Using shared storage
Using quorum journal manager

For a detailed overview of HDFS clusters including NameNodes and YARN, check out ‘What makes Hadoop so revolutionary?’

HDFS HA cluster using NFS

The following diagram depicts the HDFS HA cluster using NFS for shared storage required by the NameNodes architecture:

packthdfs1

Key points to consider about HDFS HA using shared storage architecture:

In the cluster, there are two separate machines: active state NameNode and standby state NameNode.
At any given point in time, one-and-only, one of the NameNodes is in the active state, and the other is in the standby state.
The active NameNode manages the requests from all client DataNodes in the cluster, while the standby remains a slave.
All the DataNodes are configured in such a way that they send their block reports and heartbeats to both the active and standby NameNodes.
The standby NameNode keeps its state synchronized with the active NameNode.
Active and standby nodes both have access to a filesystem on a shared storage device (for example, an NFS mount from a NAS)
When a client makes any filesystem change, the active NameNode makes the corresponding change (edits) to the edit log file residing on the network shared directory.
The standby NameNode makes all the corresponding changes to its own namespace. That way, it remains in sync with the active NameNode.
In the event of the active NameNode being unavailable, the standby NameNode makes sure that it absorbs all the changes (edits) from the shared network directory and promotes itself to an active NameNode.
The Hadoop administrator should apply the fencing method to the shared storage to avoid a scenario that makes both the NameNodes active at a given time. In the event of failover, the fencing method cuts the access to the previous active NameNode to make any changes to the shared storage to ensure smooth failover to standby NameNode. After that, the standby NameNode becomes the active NameNode.

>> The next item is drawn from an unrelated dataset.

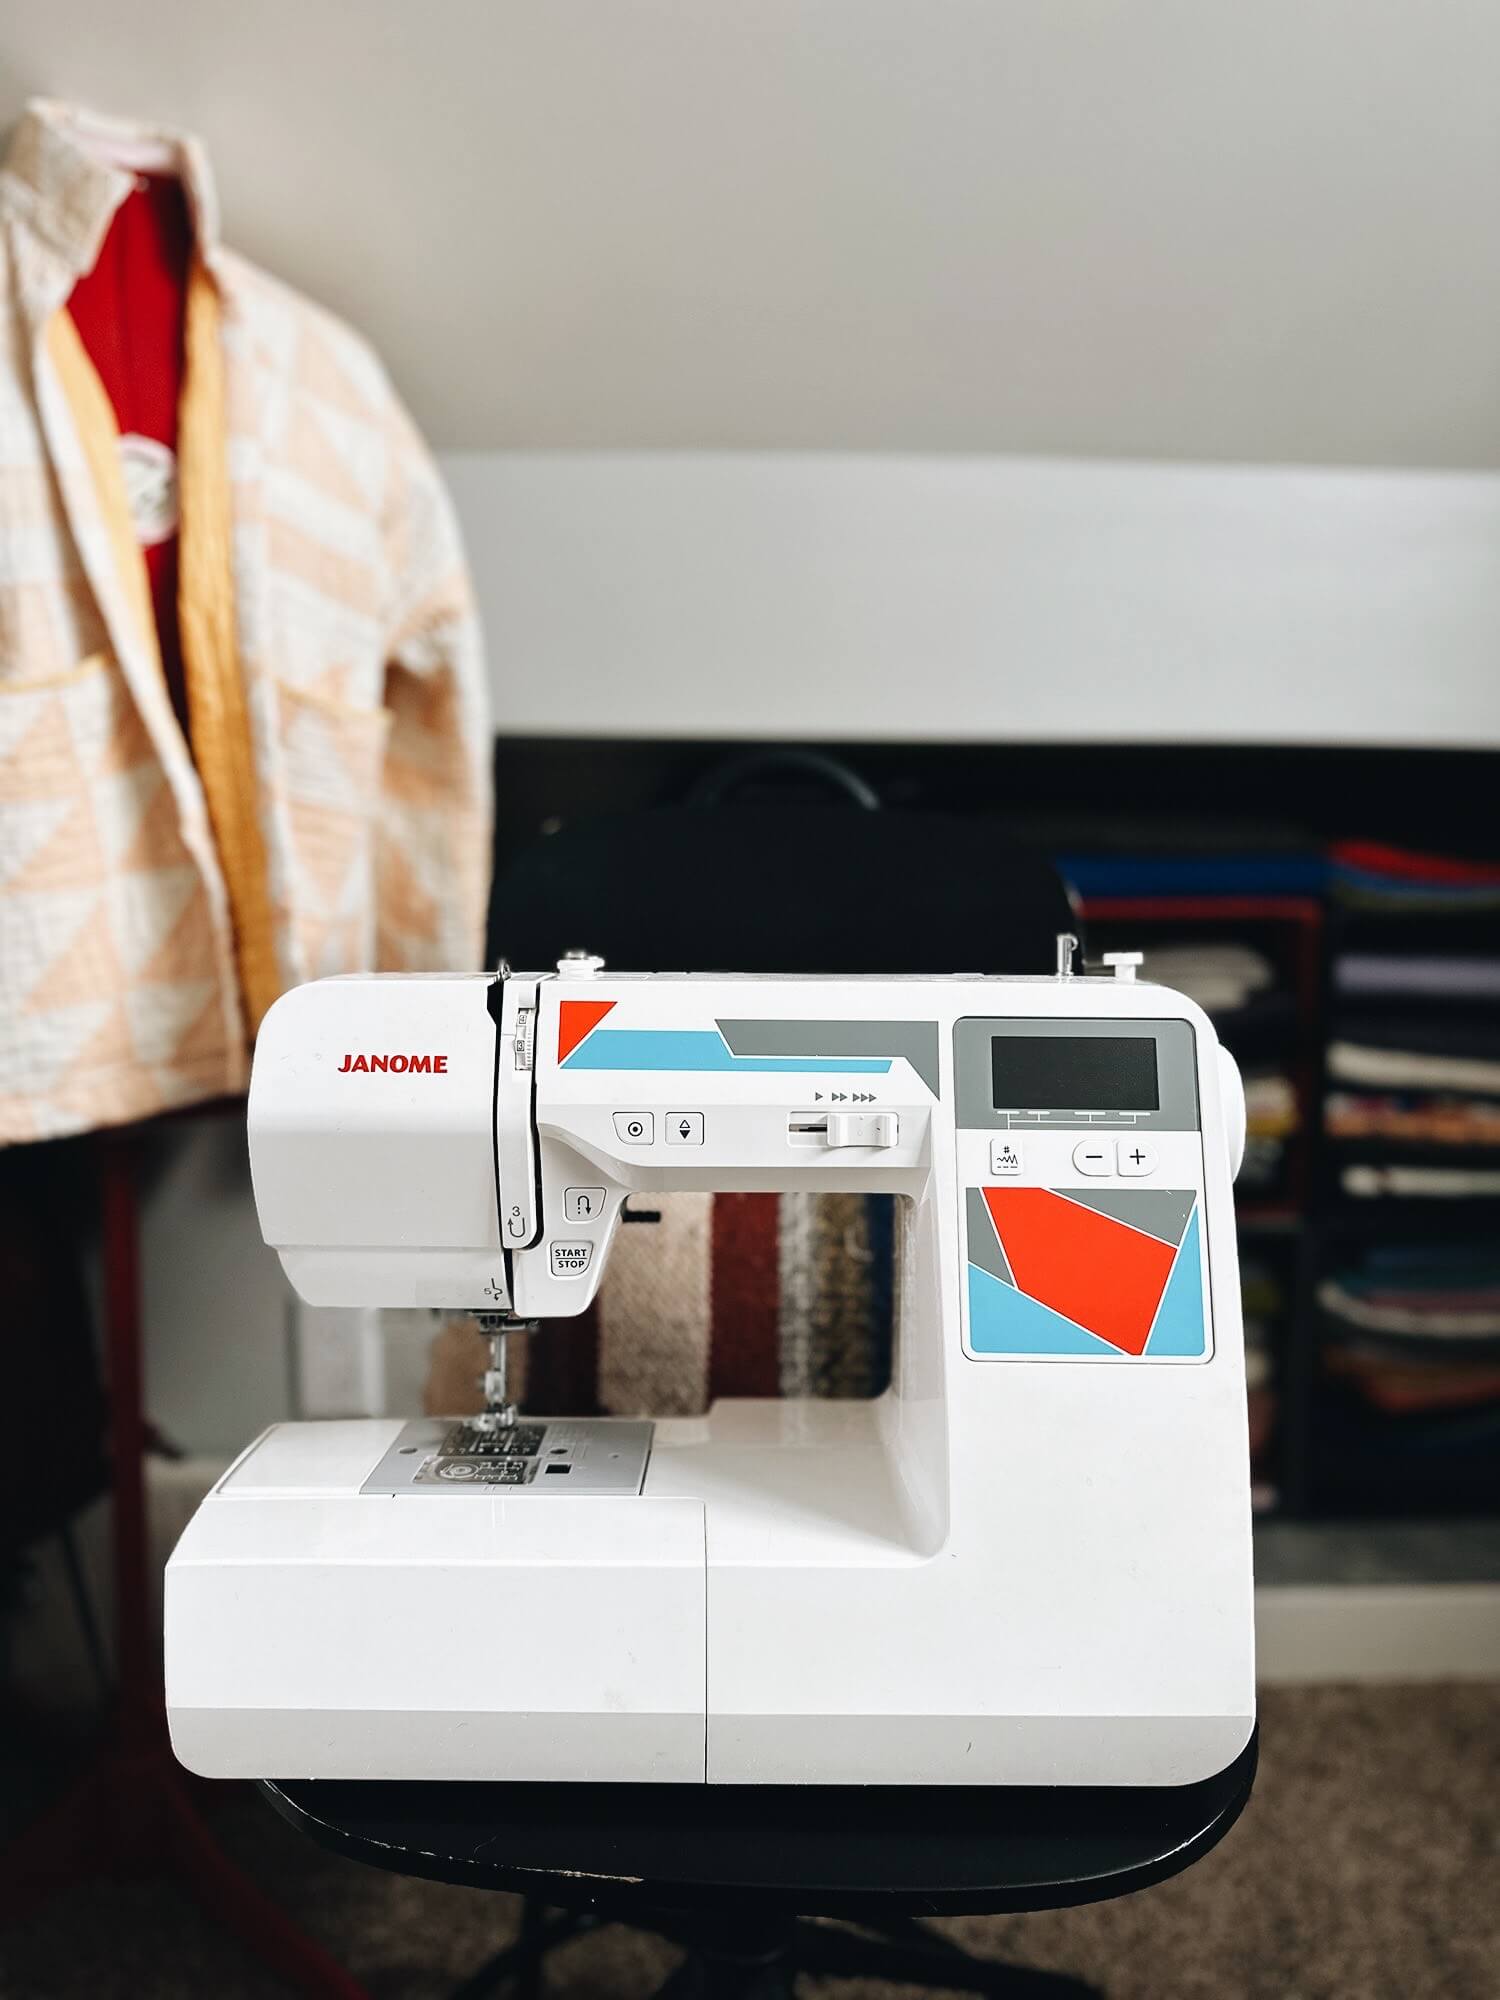  Customer reviews: Brother Sewing and Quilting Machine

Configuring HA NameNodes with shared storage

Add the following properties to the hdfs-site.xml:

Property	Value
dfs.nameservices	cluster_name
dfs.ha.namenodes.cluster_name	NN1, NN2
dfs.namenode.rpc-address.cluster_name.NN1	machine1:8020
dfs.namenode.rpc-address.cluster_name.NN2	machine2:8020
dfs.namenode.http-address.cluster_name.NN1	machine1:50070
dfs.namenode.http-address.cluster_name.NN2	machine2:50070
dfs.namenode.shared.edits.dir	file:///mnt/filer1/dfs/ha-name-dir-shared>
dfs.client.failover.proxy. provider.cluster_name	org.apache.hadoop.hdfs.server. namenode.ha. ConfiguredFailoverProxyProvider
dfs.ha.fencing.methods	sshfence
dfs.ha.fencing.ssh.private-key-files	/home/myuser/.ssh/id_rsa
dfs.ha.fencing.methods	sshfence([[username][:port]])
dfs.ha.fencing.ssh.connect-timeout	30000

Add the following properties to core-site.xml:

Property	Value
fs.defaultFS	hdfs://cluster_name

HDFS HA cluster using the quorum journal manager

The following diagram depicts the quorum journal manager (QJM) architecture to share edit logs between the active and standby NameNodes:

packthdfs2

Key points to consider about HDFS HA using the QJM architecture:

In the cluster, there are two separate machines—the active state NameNode and standby state NameNode.
At any point in time, exactly one of the NameNodes is in an active state, and the other is in a standby state.
The active NameNode manages the requests from all client DataNodes in the cluster, while the standby remains a slave.
All the DataNodes are configured in such a way that they send their block reports and heartbeats to both active and standby NameNodes.
Both NameNodes, active and standby, remain synchronized with each other by communicating with a group of separate daemons called JournalNodes (JNs).
When a client makes any filesystem change, the active NameNode durably logs a record of the modification to the majority of these JNs.
The standby node immediately applies those changes to its own namespace by communicating with JNs.
In the event of the active NameNode being unavailable, the standby NameNode makes sure that it absorbs all the changes (edits) from JNs and promotes itself as an active NameNode.
To avoid a scenario that makes both the NameNodes active at a given time, the JNs will only ever allow a single NameNode to be a writer at a time. This allows the new active NameNode to safely proceed with failover.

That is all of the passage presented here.